退去後に届いた想定外のメール

日が傾きかけたころには荷解きも一段落し、佐奈は大きく伸びをした。

「ふう、疲れた……」

腰をそらせたそのとき、冷蔵庫の上に置いたスマホが震えた。新着メールの差出人を見て、佐奈は手を止めた。

北山――。マンションのオーナーの名前だった。

「……何だろう?」

退去立ち合いは、2日前に終わっている。室内の確認もその場で済み、北山は淡々とメモを取りながら見て回っただけで、特段何かを言われた記憶はない。

佐奈はまくった袖を元に戻しながら、スマホを手に取った。

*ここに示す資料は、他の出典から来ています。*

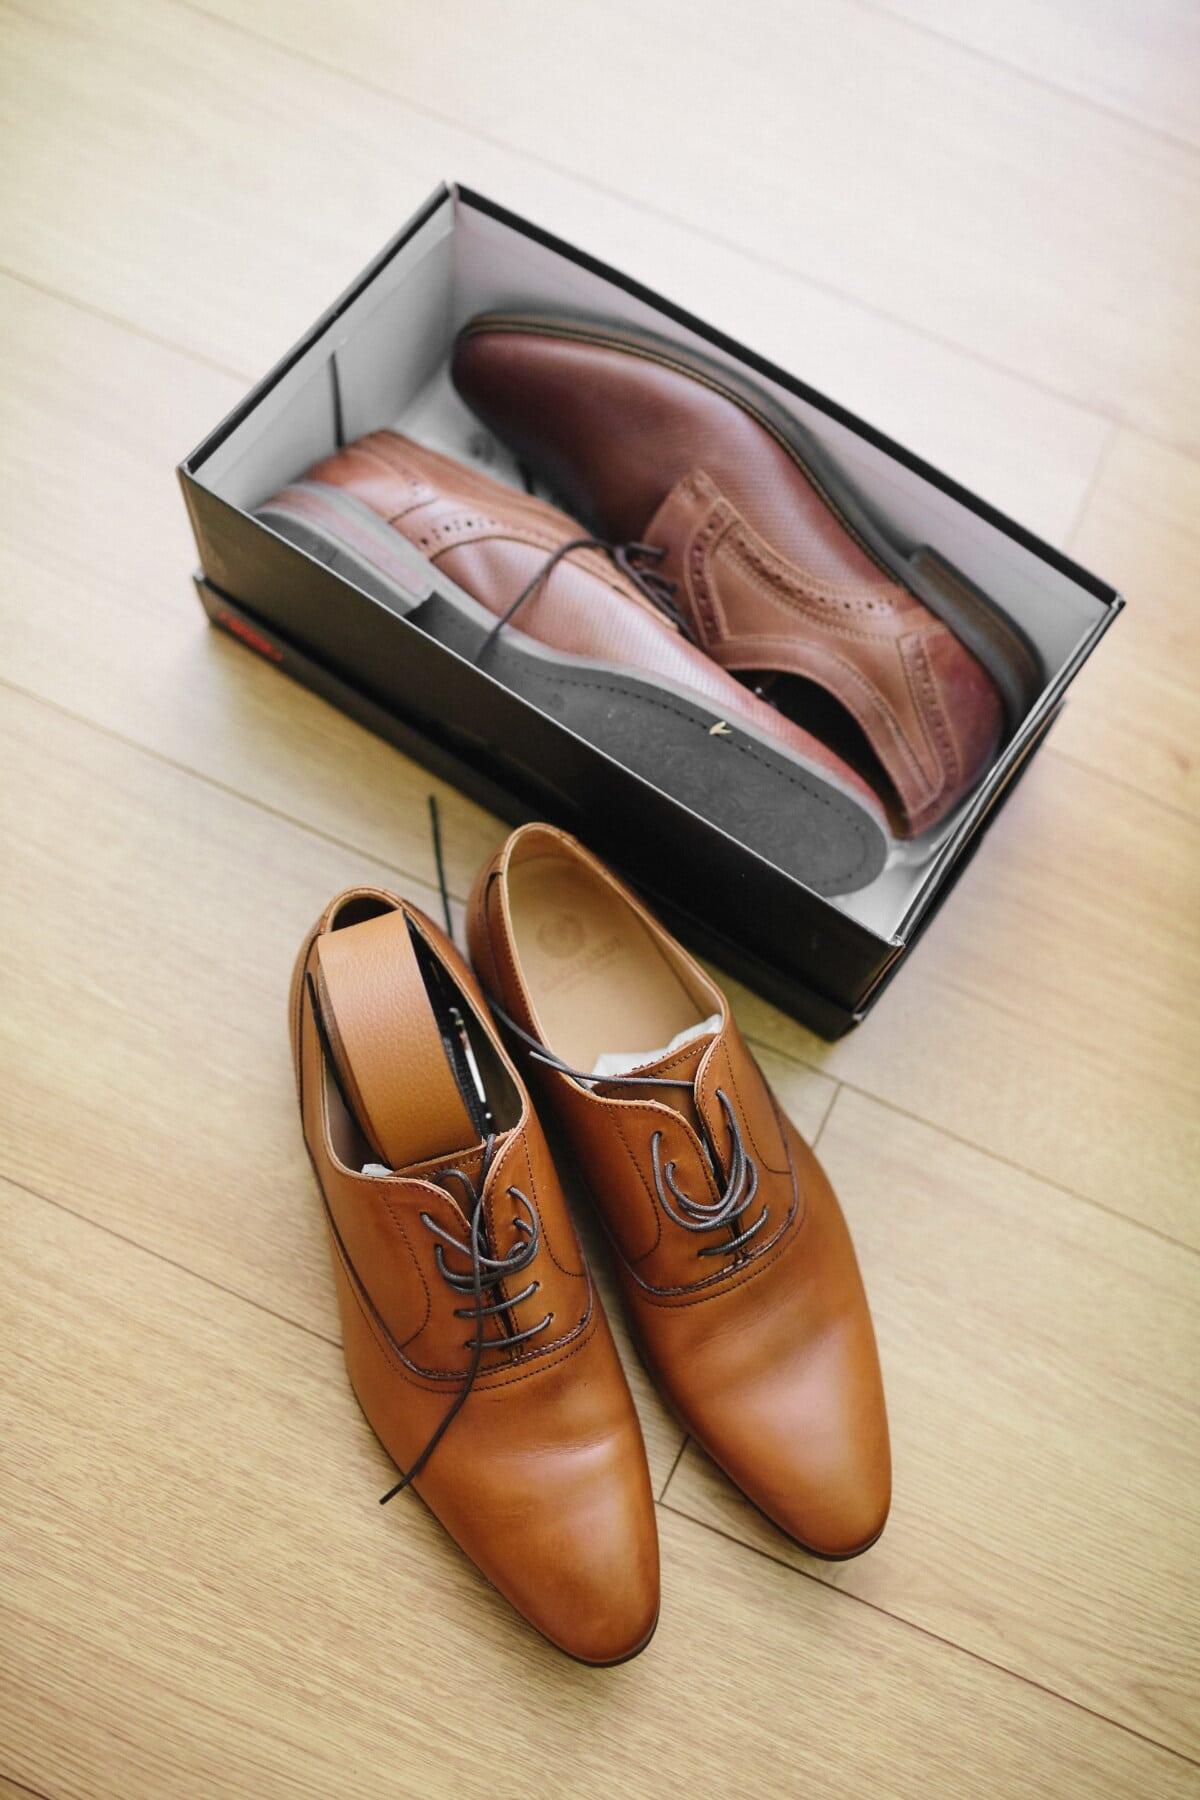 pantofi, clasic, maro deschis, moderne, cutie, fantezie, din piele, cumpărături, marfa, pachet

メールの件名は「退去後修繕費用について」。その文字を見ただけで、わずかに鼓動が速くなる。PDFを開くと、そこには想像していたよりずっと容赦のない言葉が並んでいた。床材全面張替え、壁紙一部補修、クリーニング追加費用。末尾には想像をはるかに超える合計金額が書かれていて、佐奈は思わず画面を持つ手に力を込めた。

「え……高すぎない?」

新居での初期費用に加え、新しい家具の買い足しで、今月はただでさえ出費が多い。その上に25万円の請求は、あまりに重い。

「全面張替えって……そんな傷、あった?」

佐奈はスマホを握ったまま部屋の中をうろうろと歩き回り、記憶を呼び起こす。たしかに、ベッドやテーブルなどを置いていた場所には跡が残っていたかもしれない。しかし、それは普通に暮らしていれば当然ありえる程度の傷だ。